Thursday, September 18, 2014

About pasta and fast food

We don't see many outlets proposing fast pasta dishes around where we live. Restaurants are different. I'm talking about fast food outlets. The other day, we were at a food court, stuffing our face with some great belgian waffles topped with cream and ice cream, with a very hot coffee (sigh!) and we were having a look around us, at the other food outlets. There used to be an outlet selling pasta in this food court. The place did not live long. I had once tried their pasta. If I remember well, it was on one of our various Top Gear nights and I wanted to eat pasta. Pasta goes well with just about any occasion; deal with it. And so, before embarking on our Top Gear night, we went to that place and I ordered a tagliatelle with red sauce and chicken. It was OK. The sauce was creamy when hot and it beautifully tangled with the tagliatelle to give it just the right amount of slip. And then things got cold. I ended up with a sticky, dry tagliatelle with some residue of red sauce on it and some chicken. Everything fell apart. It's like the sauce and chicken and tagliatelle were in a beautiful relationship at first, when things were hot and then suddenly everyone has decided to go their way. The tagliatelle had absorbed the life out of the sauce and the chicken was playing solo. Well, that's how I felt anyway. Am I too passionate about pasta?

So yes, coming back to our issue. Why is it so hard to deliver good pasta dishes when you're a fast food outlet?

If you are one of those people who often make pasta dishes (and I know you are) you would know that making pasta is a very time-compelling task. You might look cozy doing it but in your head you are not. You are thinking about the exact moment to put your pasta to boil and how much time to cook your sauce so that the sauce is ready at the exact time when your pasta is boiled al dente so that you can blend the two together and create a miracle. You have to think about your family, you have to start shrieking at them to get ready to eat, to come and fetch their plate. To eat that damn pasta as if it were a nuclear time bomb. But in fact it is a nuclear time bomb. A very vicious one at it. If your sauce is not liquid enough, it would absorb that darn thing in less time that it takes to say "bon appetit".

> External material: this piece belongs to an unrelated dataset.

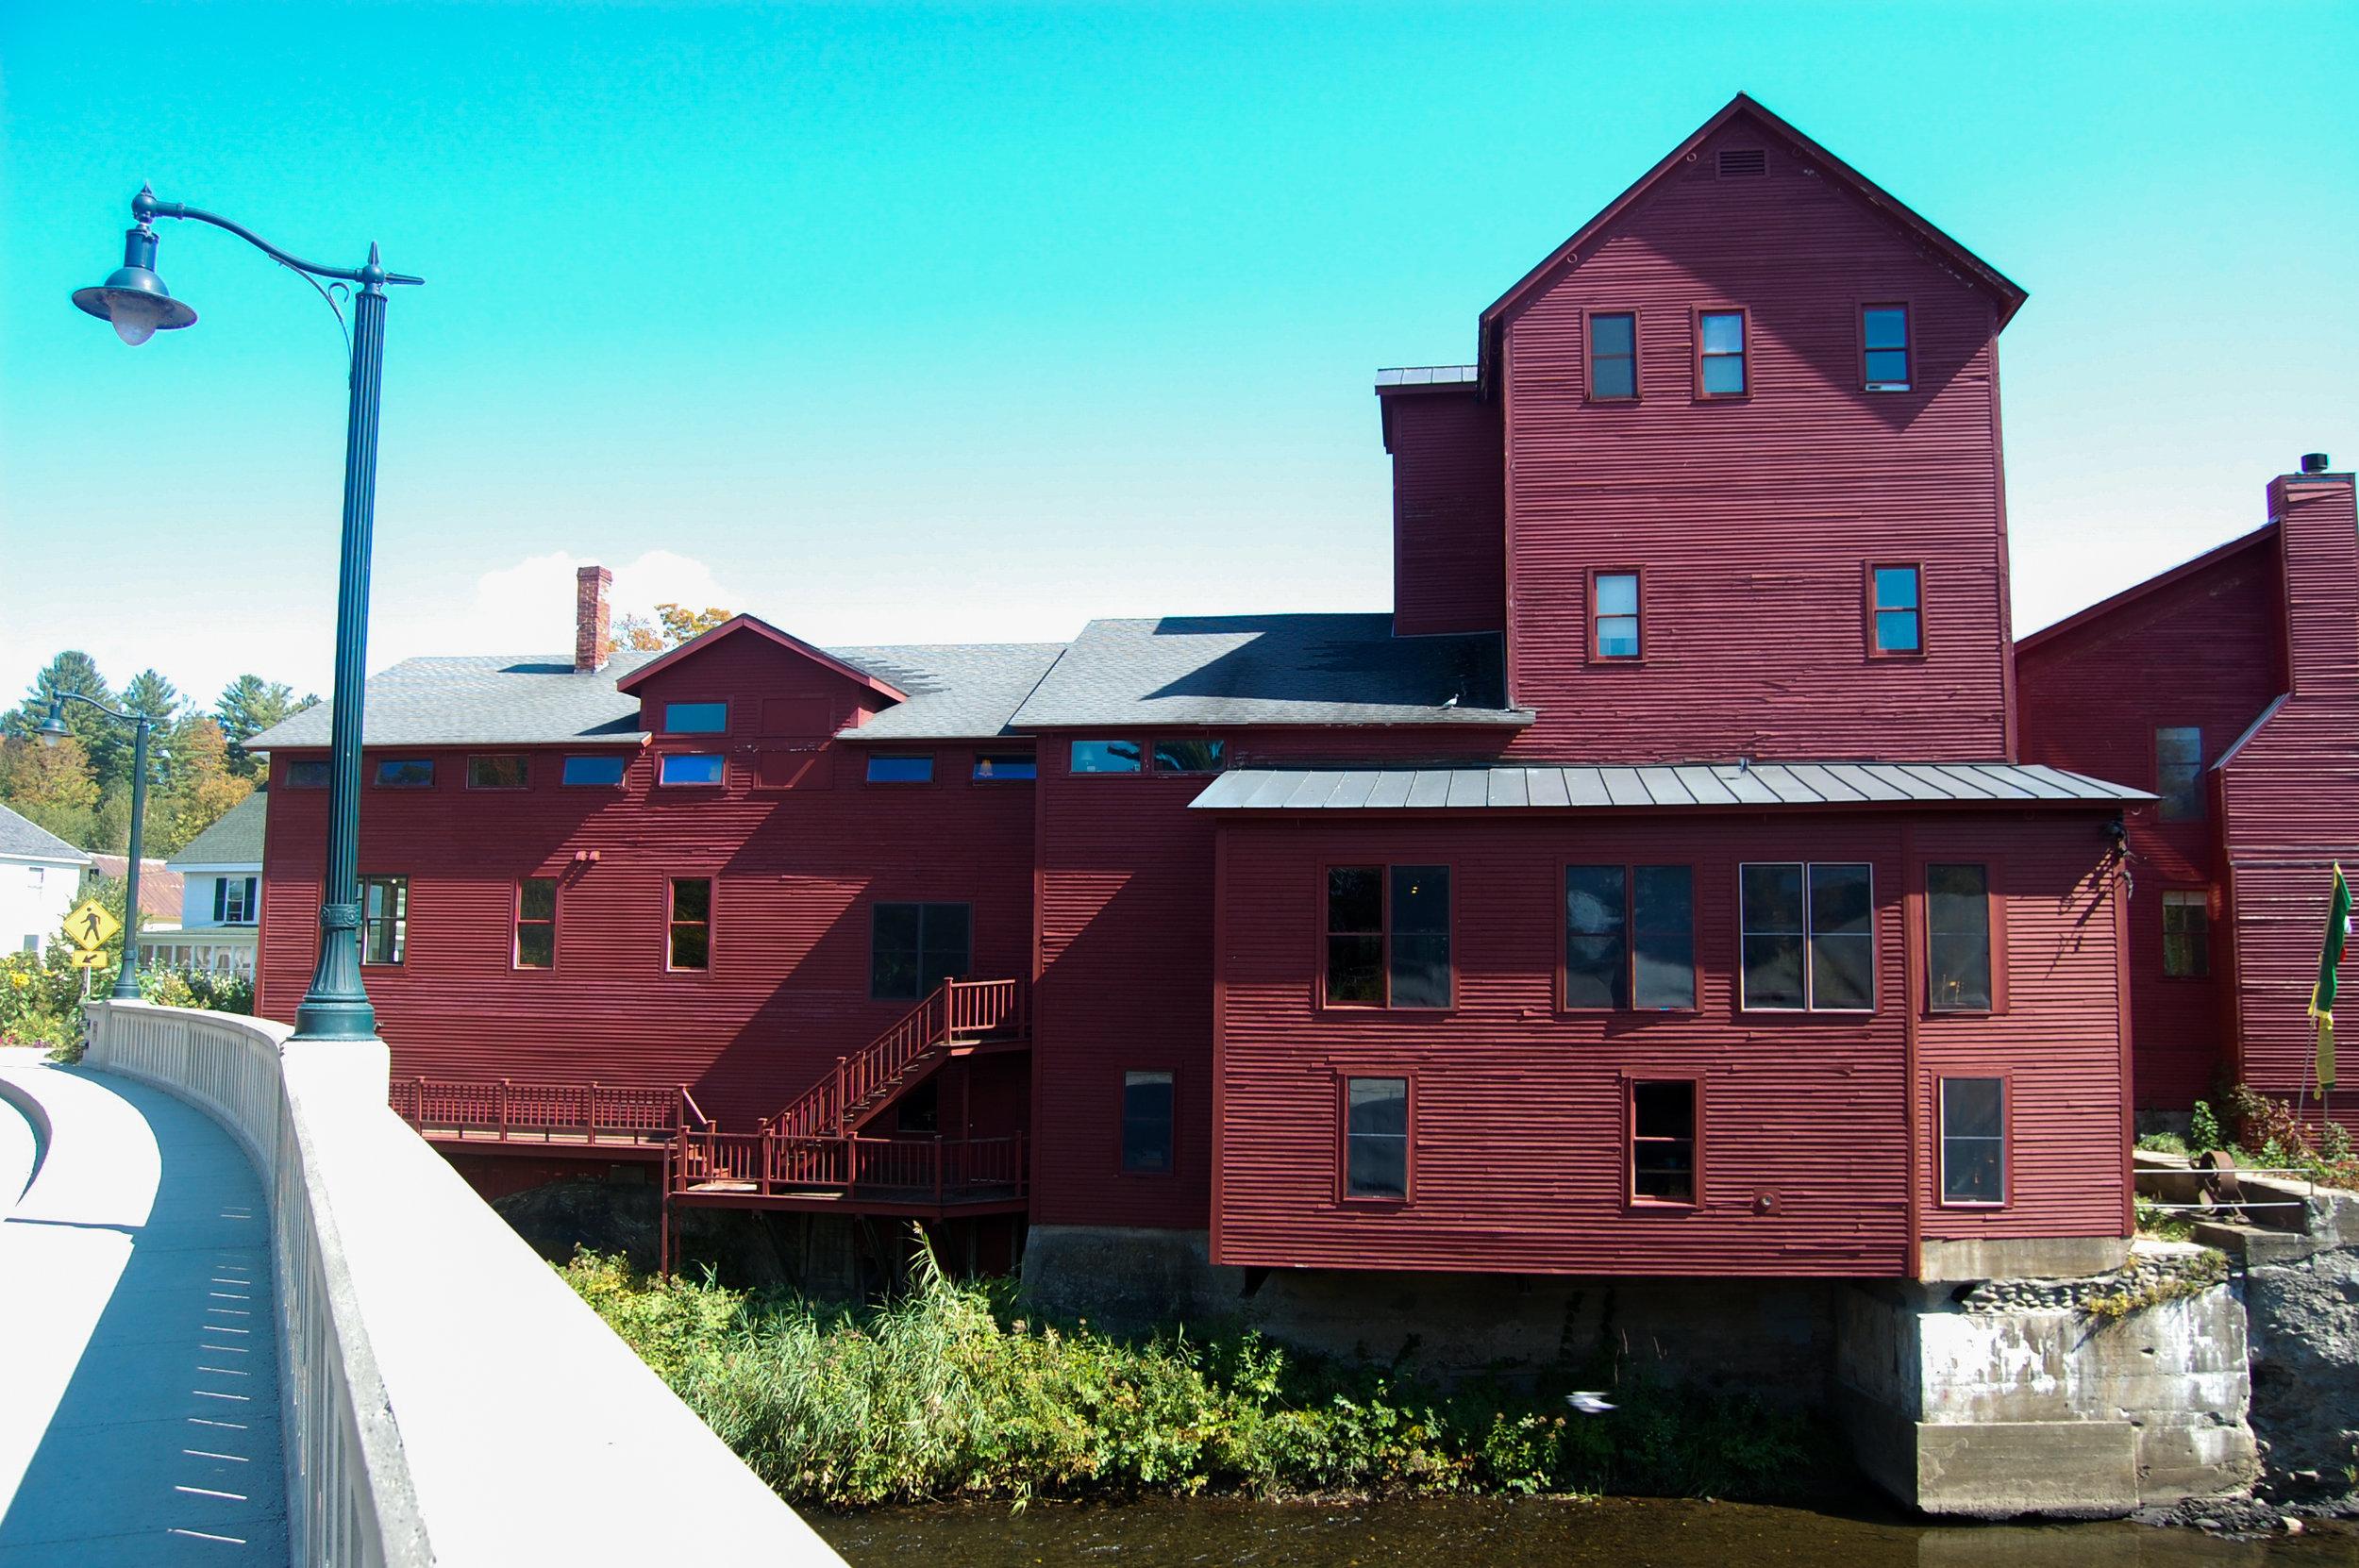 Vermont Studio Center , Johnson, VT, September 2019

Now let's transpose this situation to a fast food outlet. You see where the problem lies? Add to that the fact that customers will wander around and come fetch their food much much later after it was prepared. You can't just compel your customers to eat their pasta right away. Appropriate containers to hold the sauce are sparse. You might serve the sauce and pasta separately but both elements would cool much faster - a larger volume takes less time to cool. Pre-boiled pasta is a crime against Italy. You might bank on pasta salads solely. But really, who would like to eat pasta salad so much? Am I biased here? Think about the unctuous velvety texture of some tomato sauce and cream on a fresh boiled pasta and this served hot with a touch of basil and some parmesan. Heaven.

So yeah, if you are looking for a good pasta, either make it at home or go to a good restaurant.